Embedded Analytics Catching Fire

Drew Robb

Updated · Aug 01, 2013

For decades now, business intelligence has operated as a distinct application. But that is changing rapidly. There is a trend toward embedding BI into applications where users will benefit from analytics, including such enterprise standards as CRM and ERP.

Gartner predicts that within two years, 25 percent of analytics capabilities will be embedded in business applications. That is up from just 5 percent in 2010.

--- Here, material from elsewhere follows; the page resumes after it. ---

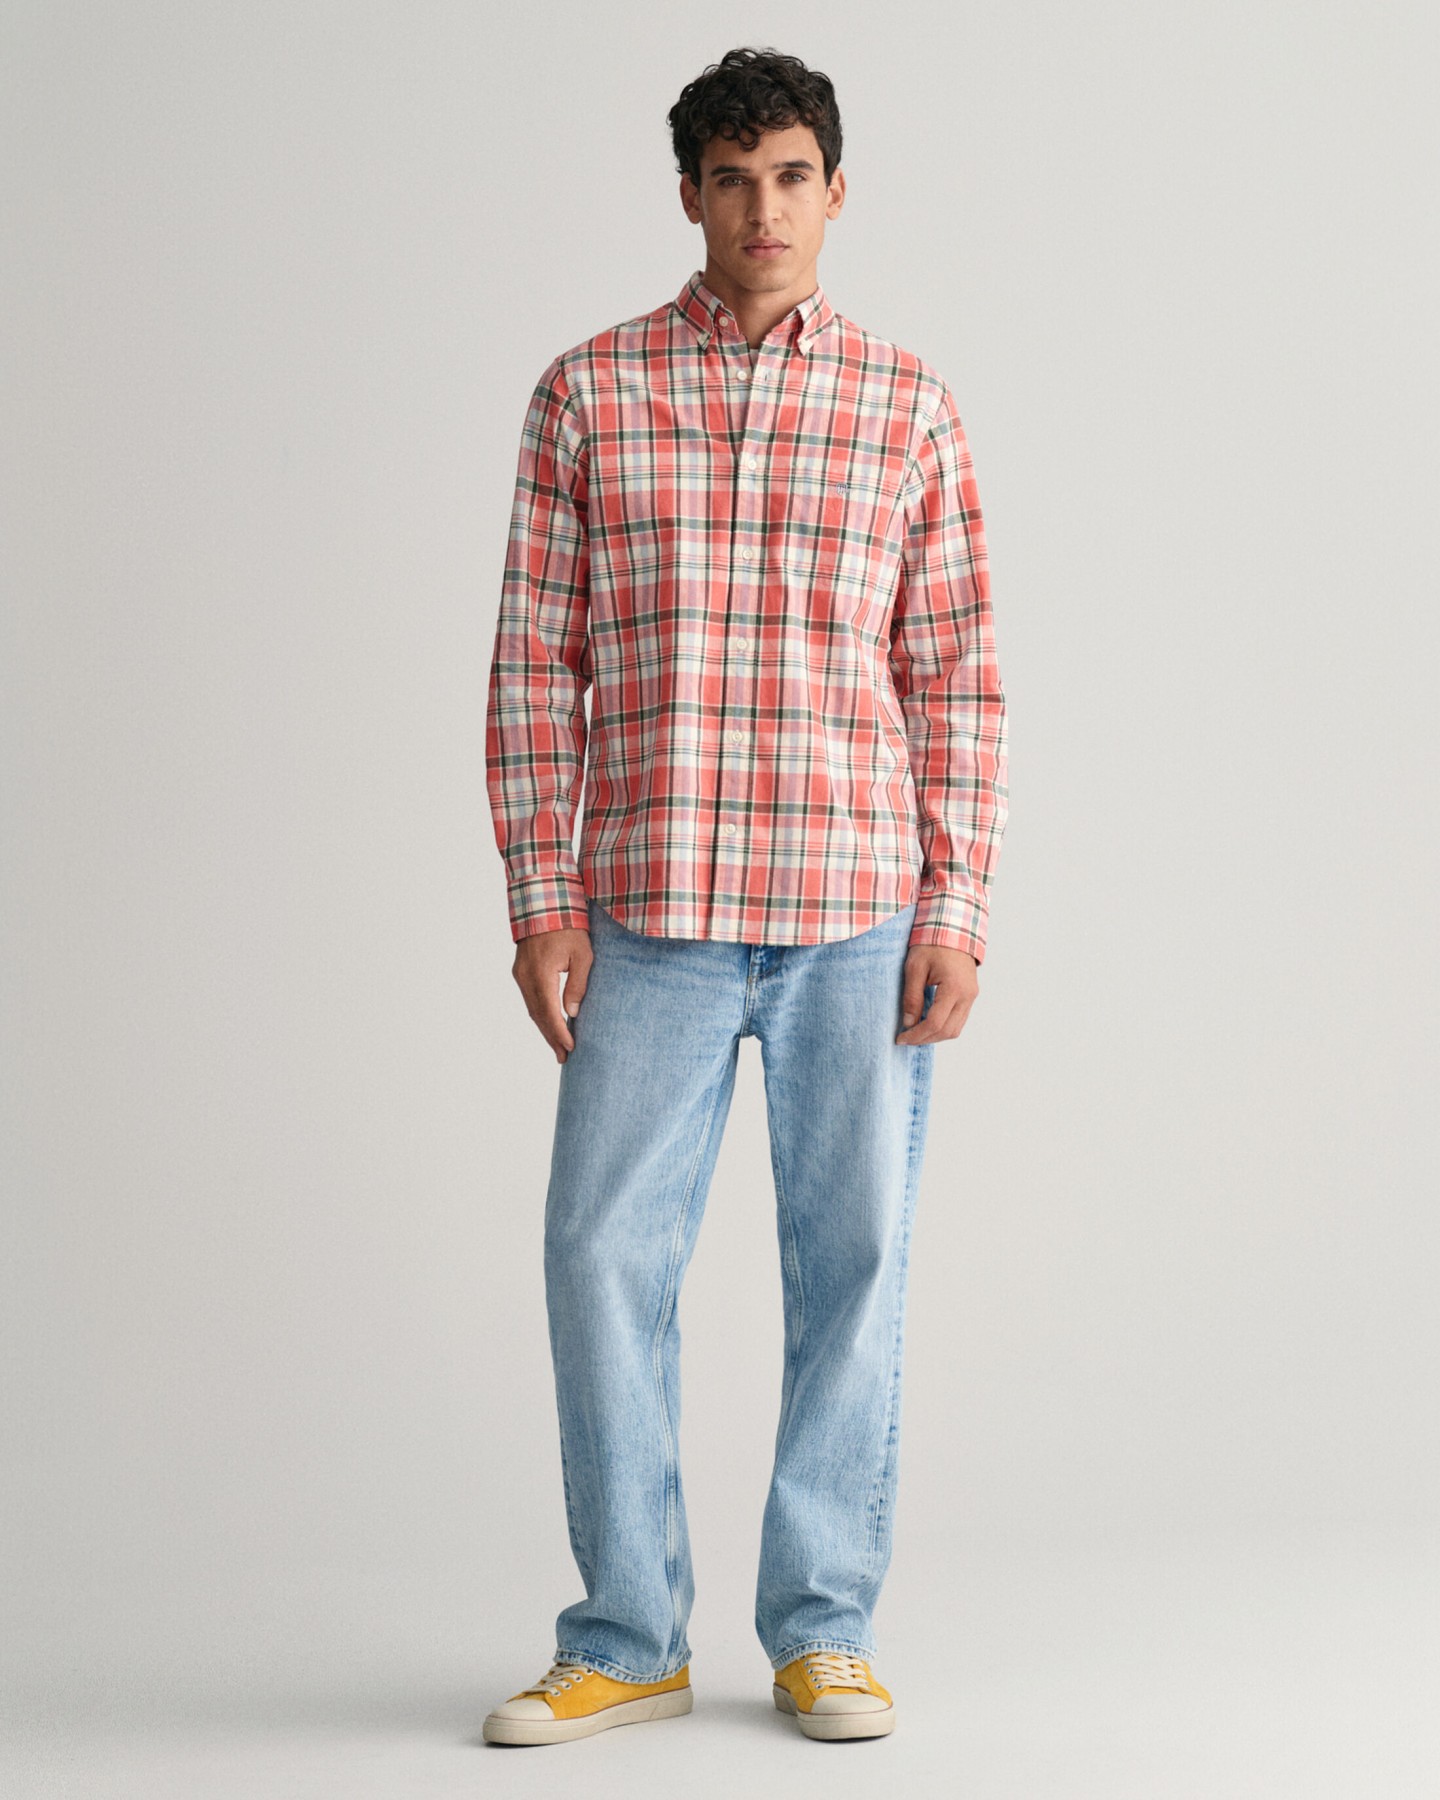 Gant Cotton/ Linen Check Shirt - Pink

“BI for the masses is the mantra,” said Quaid Saifee, a business intelligence consultant with Wit Inc. “Vendors are embedding analytics in applications to provide more value to the customer.”

Gartner defines embedded analytics as the use of reporting and analytic capabilities in transactional business applications. These capabilities can actually reside outside the application, reusing the analytic infrastructure built by many enterprises. However, to be considered embedded they must be easily accessible from within the application itself.

Users consider such capabilities embedded as long as they do not have to log on to a separate application for analytics. But there are degrees of embedding, which show up in terms of ease of use and providing intelligence at the right place and at the right time.

“The more embedded the analytics, the more useful it is going to be and the more it is going to be used,” said Saifee.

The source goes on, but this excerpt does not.